Der 4 km lange Canal Grande schlängelt sich mitten durch Venedig. Mit unseren Tagestickets kann man mit dem offiziellen Wassertaxi von Station zu Station fahren.
Die weltbekannte Rialto Brücke. Früher mal die einzige Verbindung über den Canal Grande.
Nur gesungen hat er nicht:-) Kitschig schön, aber eine Gondel fahrt sollte man nicht versäumen.
Die Seufzerbrücke. Und nicht Säuferbrücke wie man ab und an hört! :-) Hier drüber kamen die Verbrecher vom Gericht (links) ins Gefängnis ( rechts) und konnten noch ein letztes mal einen tiefen Seufzer ausstoßen, wenn sie zum letzten Mal einen Blick auf Venedig erhaschen konnten.
Fazit zu Venedig:

Es war genau der richtige Zeitpunkt Venedig zu besuchen und man hatte den Eindruck man ist herzlich willkommen in der schweren Zeit. Die Tagestouristen der Kreuzfahrtschiffe, Flug.- und Bustouristen fehlen komplett. Eine Stadt die normalerweise vom Overtourism geplagt ist. Sie ist eigentlich ein großes Freilichtmuseum und hat mit einem natürlichen, städtischen Lebensraum nichts mehr gemein. Die letzten „echten Einheimischen“, kämpfen verzweifelt dafür den Strom der Touristen einzudämmen. Es gibt kaum noch eine natürliche Infrastruktur ( Schulen, Supermärkte etc.) die einen natürlichen Lebensraum bieten. Alles und Jedes ist für uns Touristen ausgelegt. Es macht nachdenklich und ich frage mich was und wie der richtige Weg sein kann, aus diesem zweischneidigen Schwert zu entfliehen. Denn ohne Touristen geht es auch nicht. Auf der Seite venedig-reiseinfo.de habe ich viele wertvolle Informationen gefunden. Um die vielen Kulturhighlights zu besichtigen, benötigt man natürlich mehr wie einen Tag. Interessierte sollten sicherlich mehrere Tage einplanen.

Tipp IV: Lago Trasimeno / Castiglione del Lago

Wir wollen weiter querfeldein durch die Toscana an die Westküste Italiens. Erst geht es über langweilige Autobahnkilometer Richtung Süden, bzw. Landesmitte. Hier habe ich einen schönen See mit schöner Altstadt ausgesucht, um von dort ein paar andere Highlights in der Region zu besuchen. Der Campingplatz Listro. (hier die Google Maps Daten).
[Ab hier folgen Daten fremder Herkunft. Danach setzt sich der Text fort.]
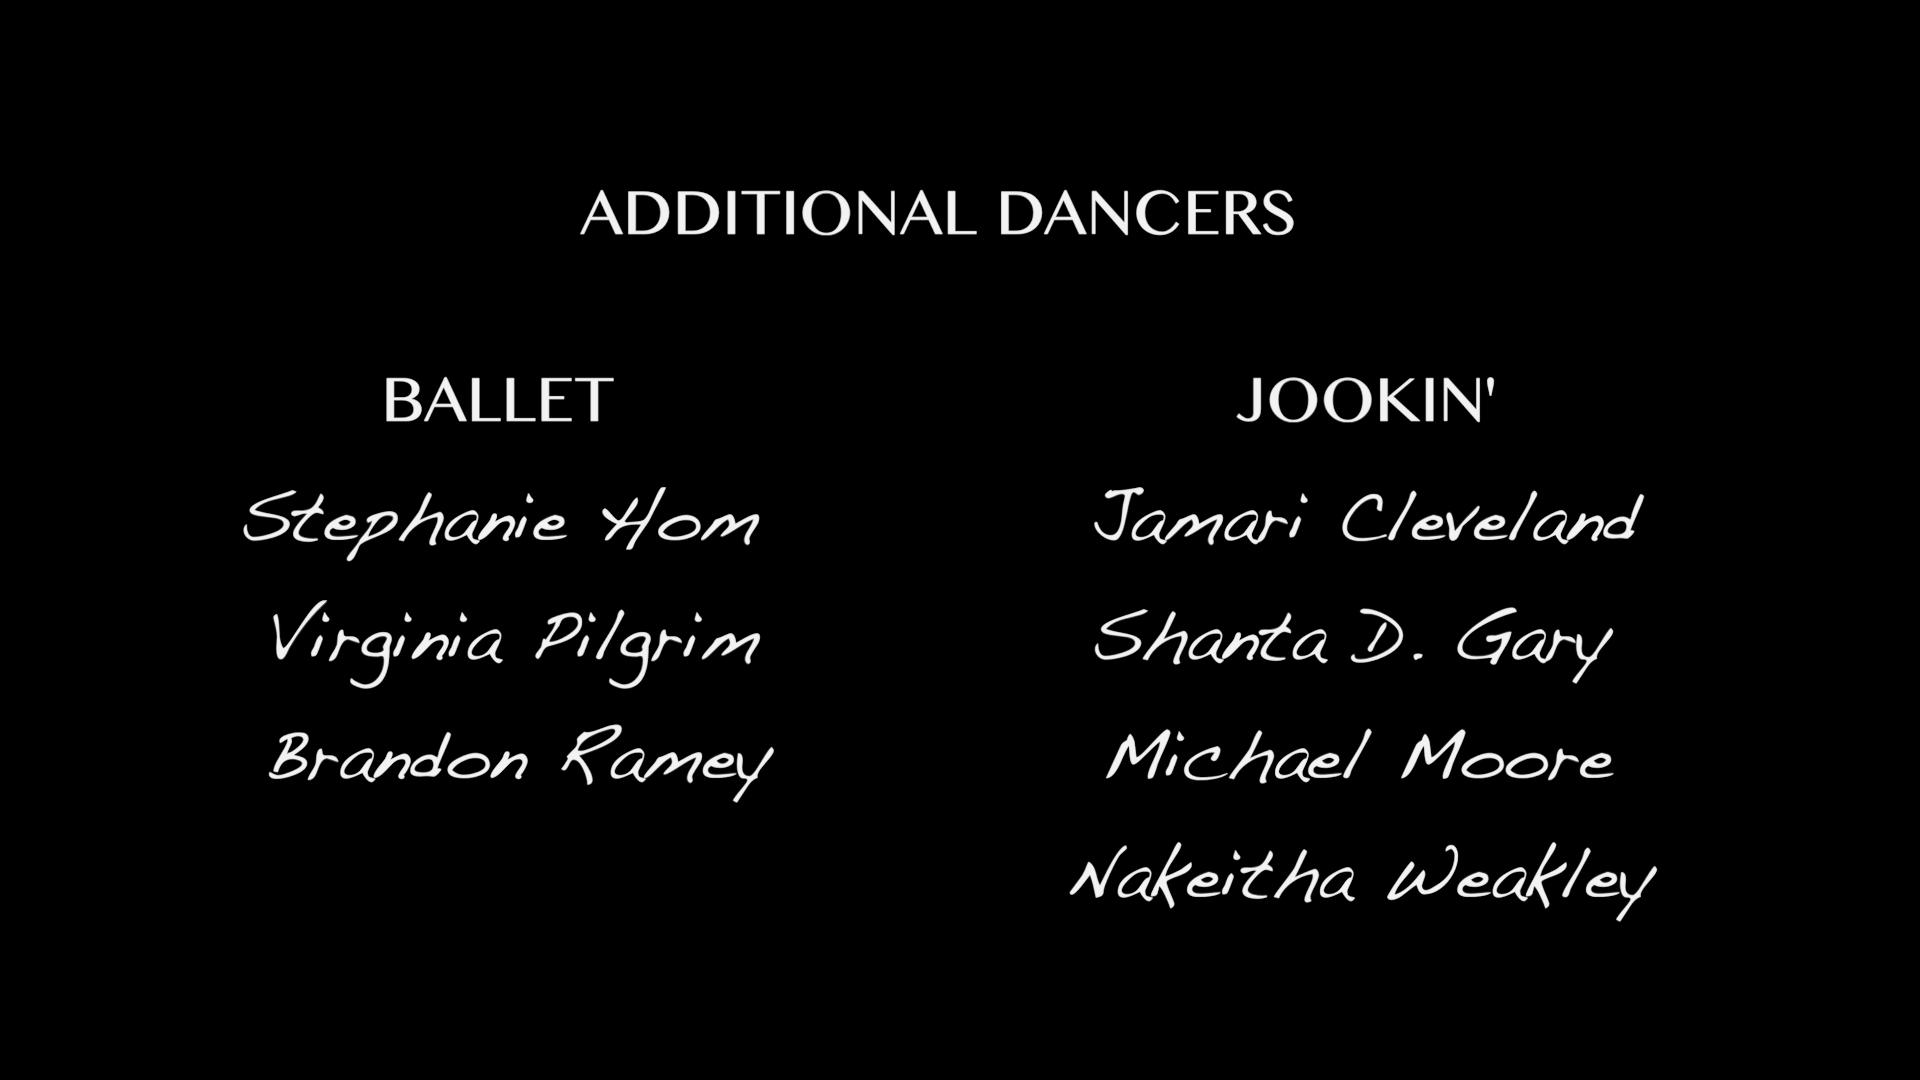 Additional Dancers(sm).jpg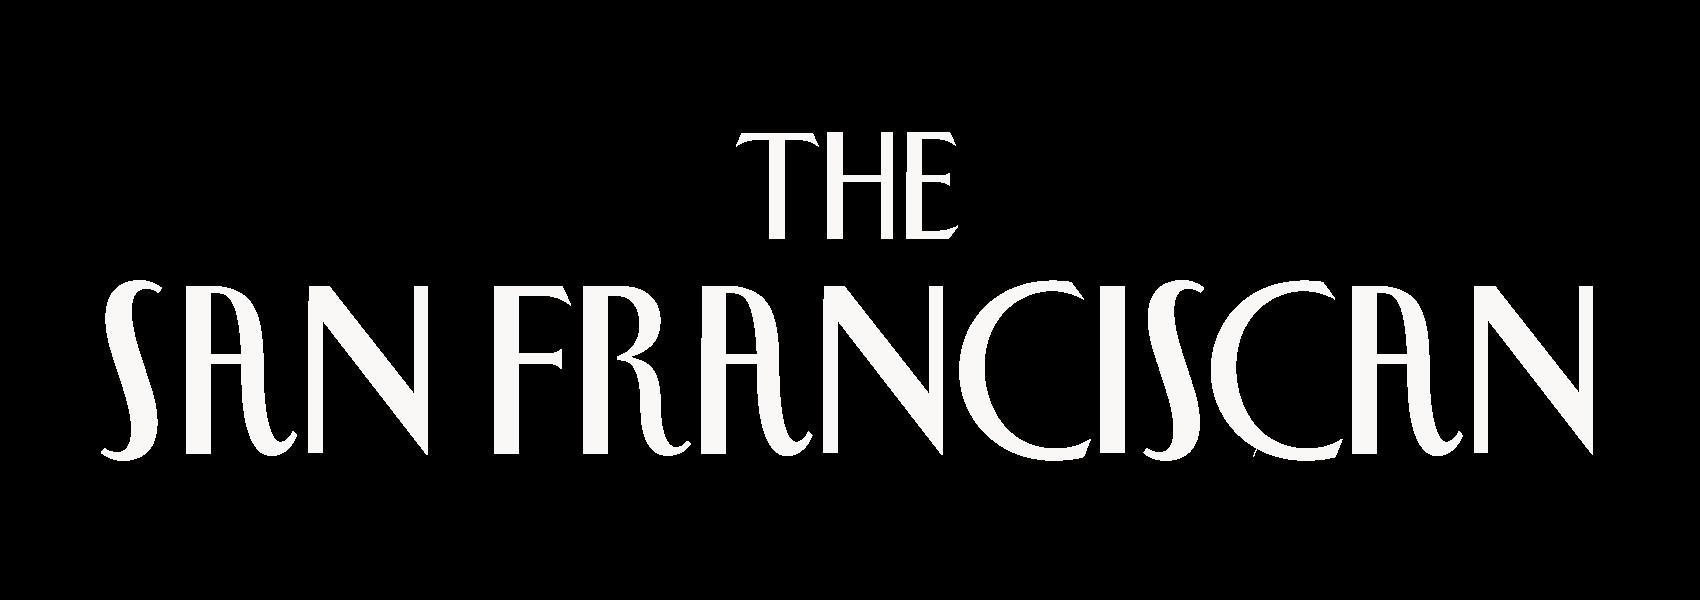 The San Franciscan

Ich überlege ob ich für den Platz eine Empfehlung aussprechen soll und ich frage mich was mit den tollen Architekten passiert ist, die damals Rom, Florenz oder Venedig gebaut haben? Heute sind sie nicht mal in der Lage ein Klohäuschen zu bauen, bei dem man nicht mit dem Kopf an die Wand stößt, wenn man auf der Schüssel sitzt. Vielleicht war der Turm in Pisa ein erstes Anzeichen :-). Der Empfang an der Rezeption ist auch sehr frostig und die schönen Stellplätze mit Seeblick sind nur den Urlaubern vorbehalten, die längere Zeit bleiben. Obwohl die Plätze frei sind. Der See ist leider gekippt und lädt auf Grund seiner Wasserqualität nicht zum Baden ein. Will man trotzdem ins Wasser muss man erst durch eine Schlickpampe waten. Und somit ist das nächste Problem vorprogrammiert: Insekten ohne Ende. Nach Sonnenuntergang geht es los und wird sehr unangenehm. Selbst bei einem schönen Abendessen in der Altstadt fallen einem die Viecher vom aufgespannten Sonnenschirm ins Essen. Also alles nicht so, wie man es erwartet hat. Aber vielleicht ist es auch jammern auf hohem Niveau. Sollten die Internetbewertungen stimmen, gibt es auch viele zufriedene Urlauber. Von hier sind Ausflüge nach Montepulciano oder San Casciano dei Bagni empfehlenswert.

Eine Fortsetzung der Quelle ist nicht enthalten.